THE PROBLEM | Your reply should reproduce all the data below exactly while excluding the pictures.

COLLECTED MATERIAL |
----

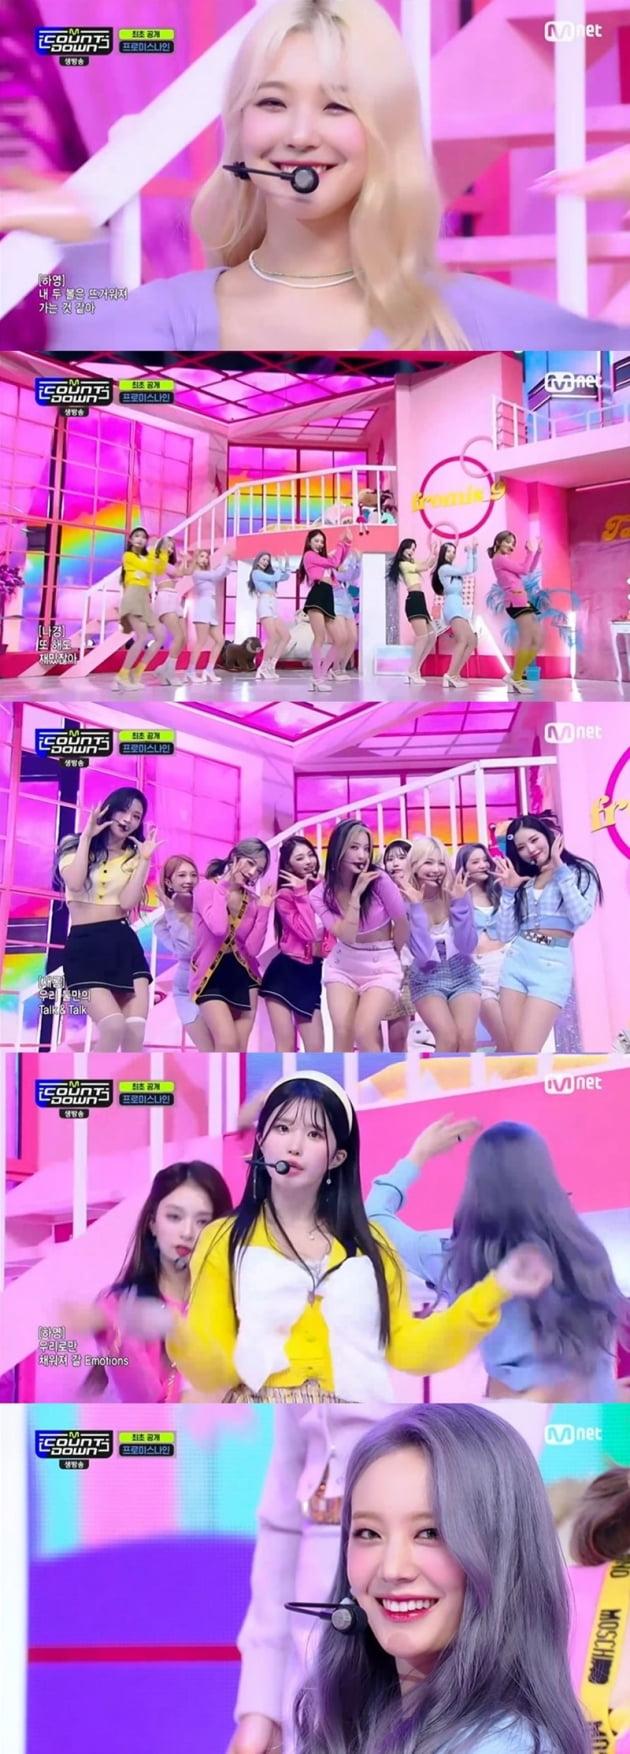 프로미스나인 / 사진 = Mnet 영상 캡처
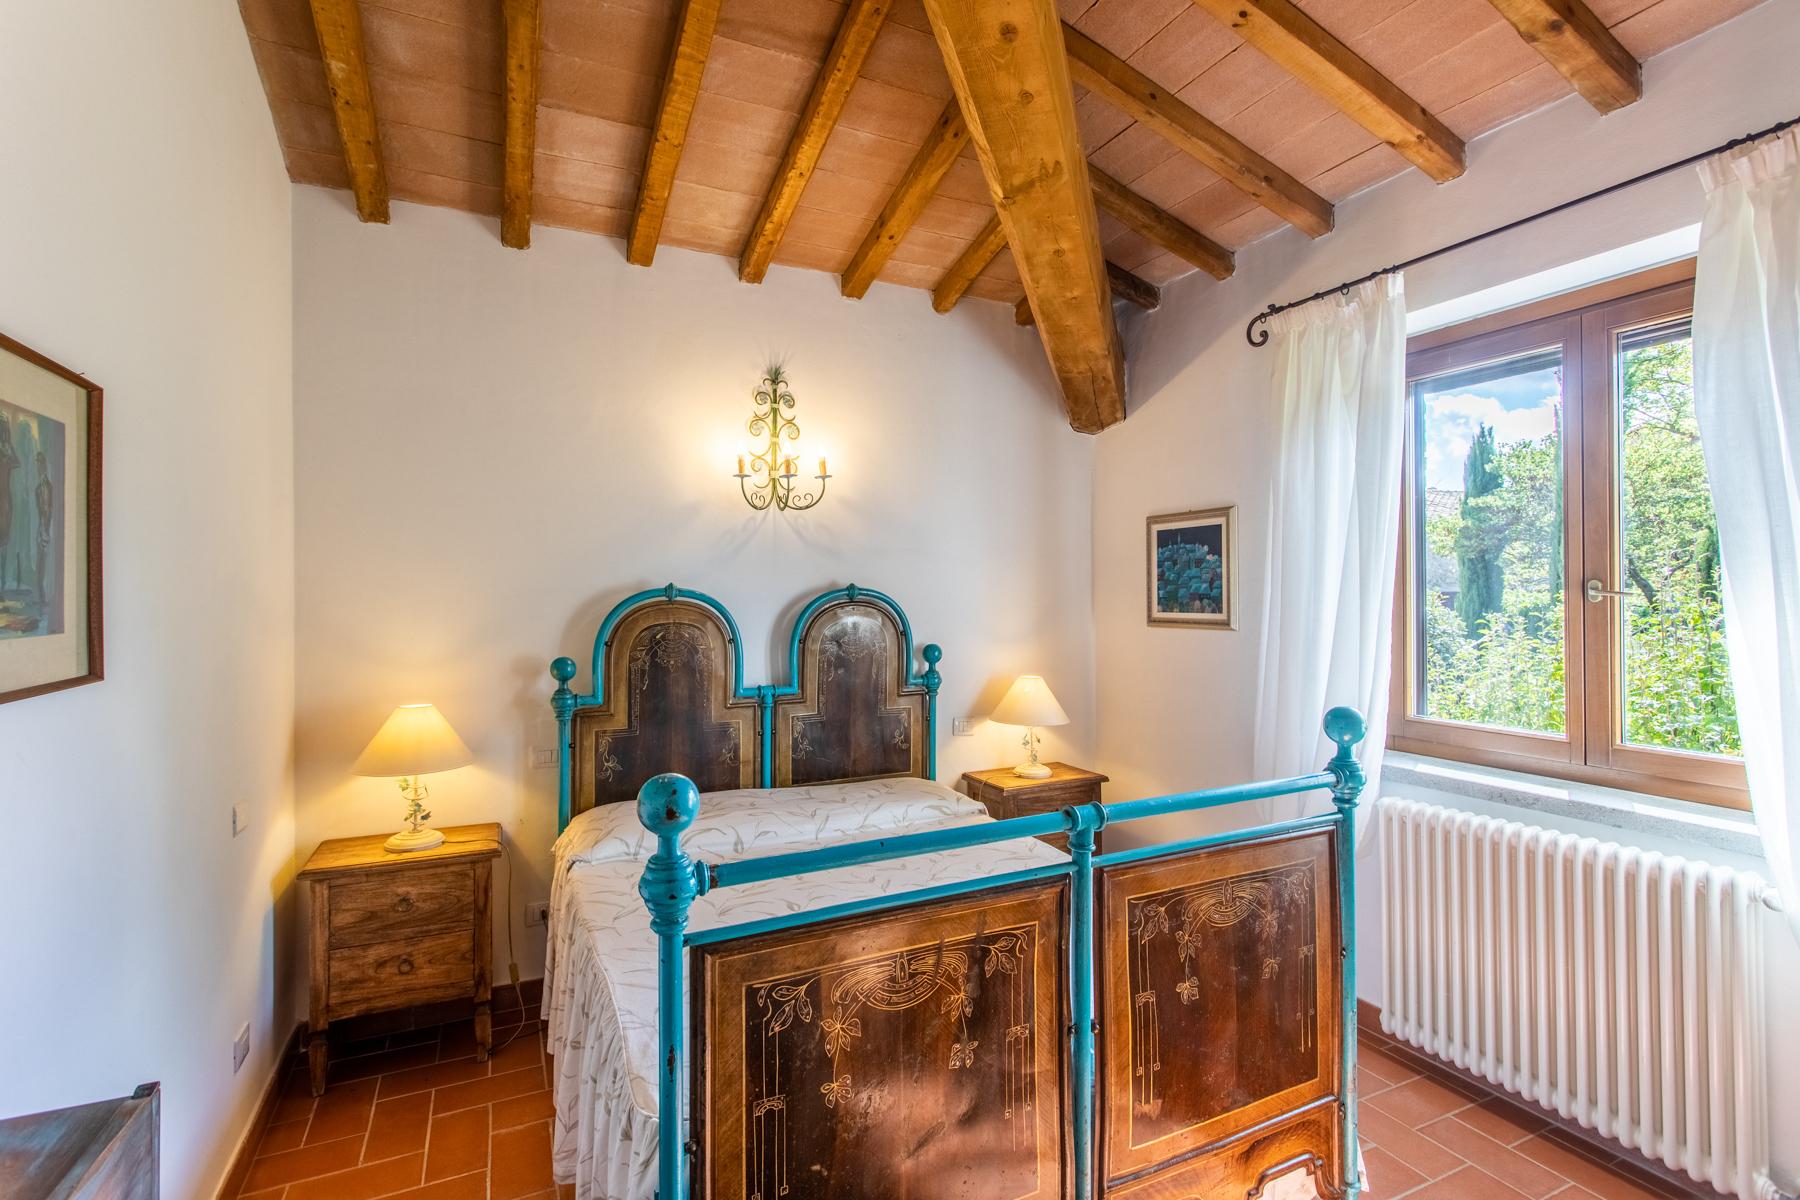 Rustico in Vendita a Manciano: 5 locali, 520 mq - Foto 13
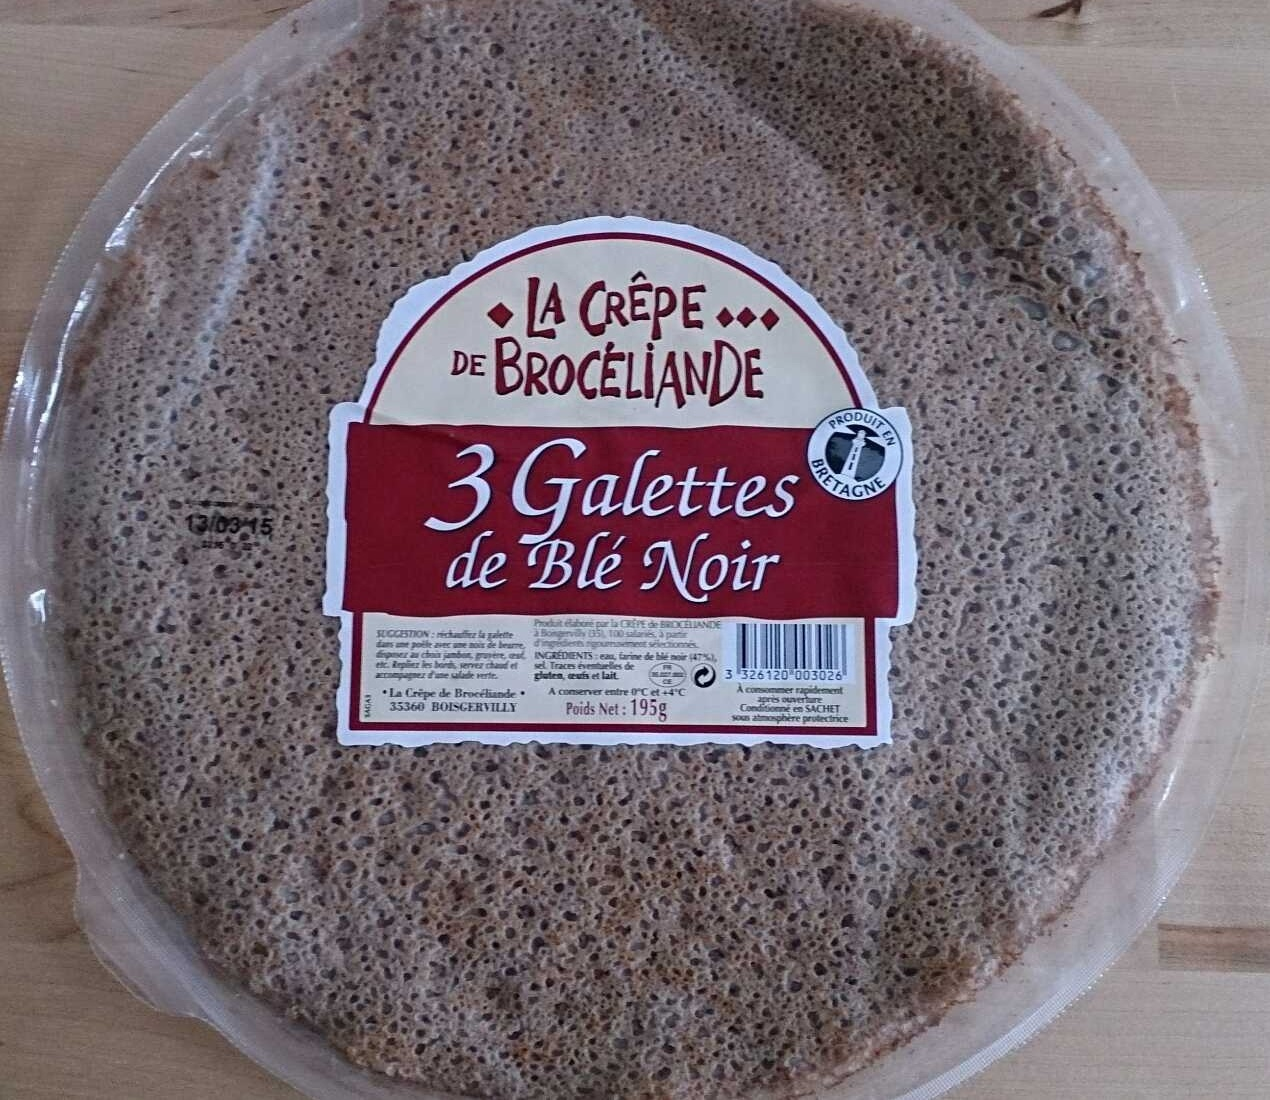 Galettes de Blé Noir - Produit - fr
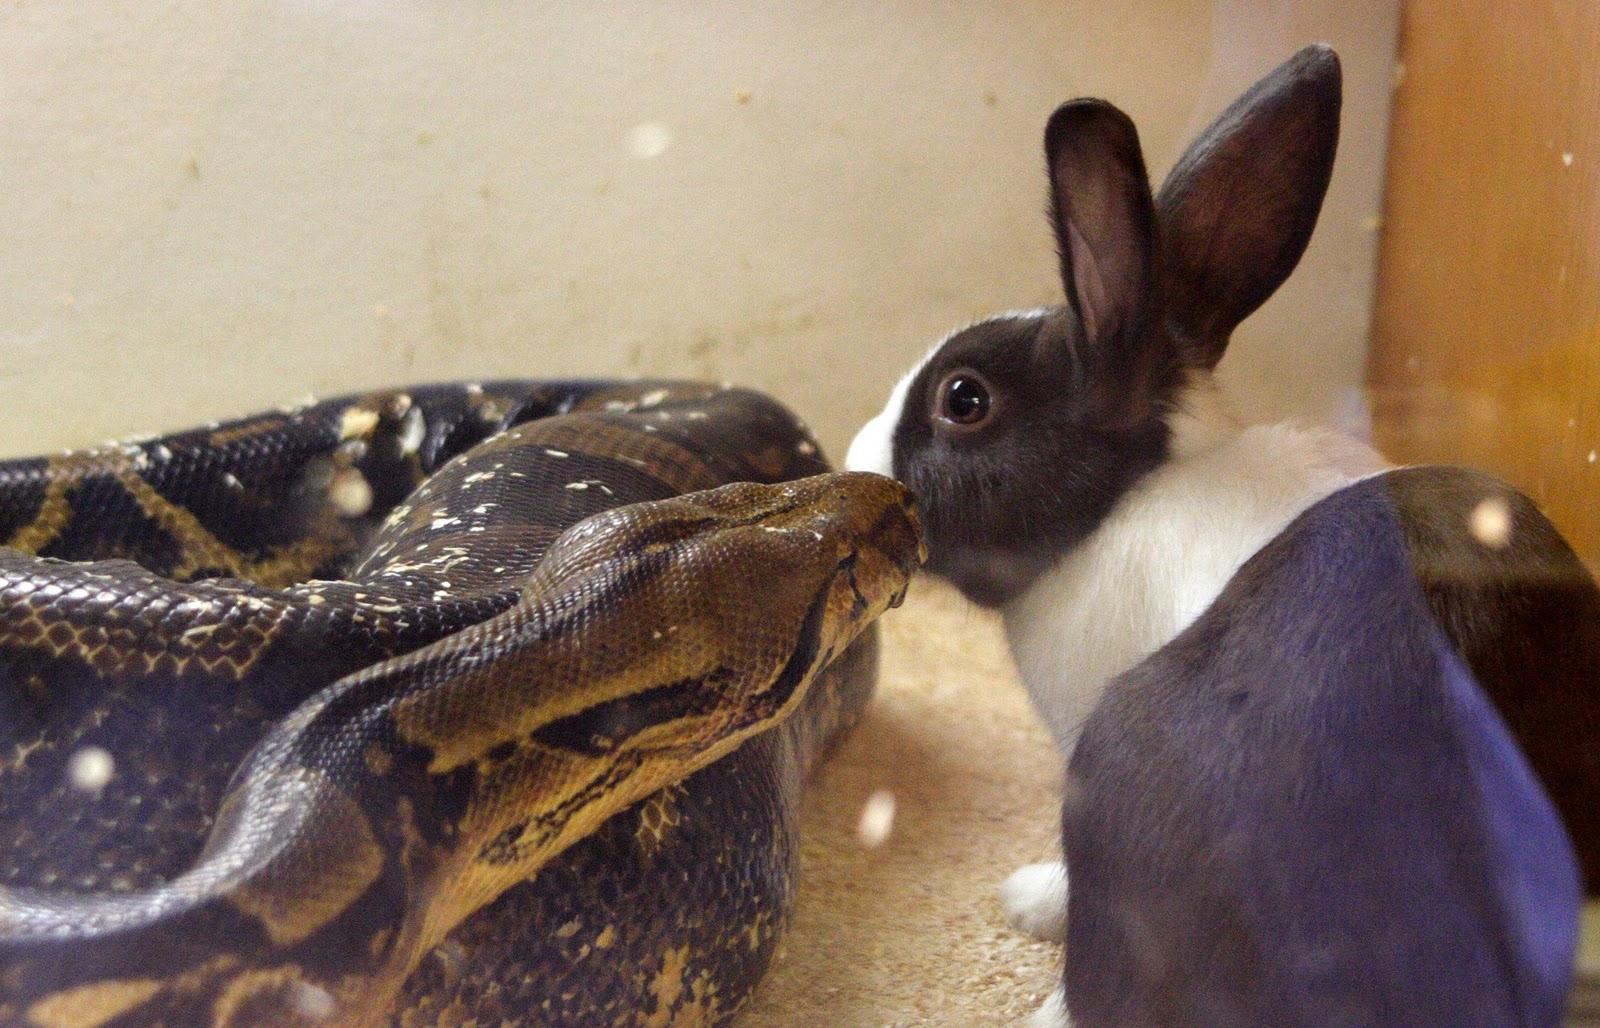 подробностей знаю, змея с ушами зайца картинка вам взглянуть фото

----

RESULT OF THE TASK |
 프로미스나인 / 사진 = Mnet 영상 캡처
 Rustico in Vendita a Manciano: 5 locali, 520 mq - Foto 13
 Galettes de Blé Noir - Produit - fr
 подробностей знаю, змея с ушами зайца картинка вам взглянуть фото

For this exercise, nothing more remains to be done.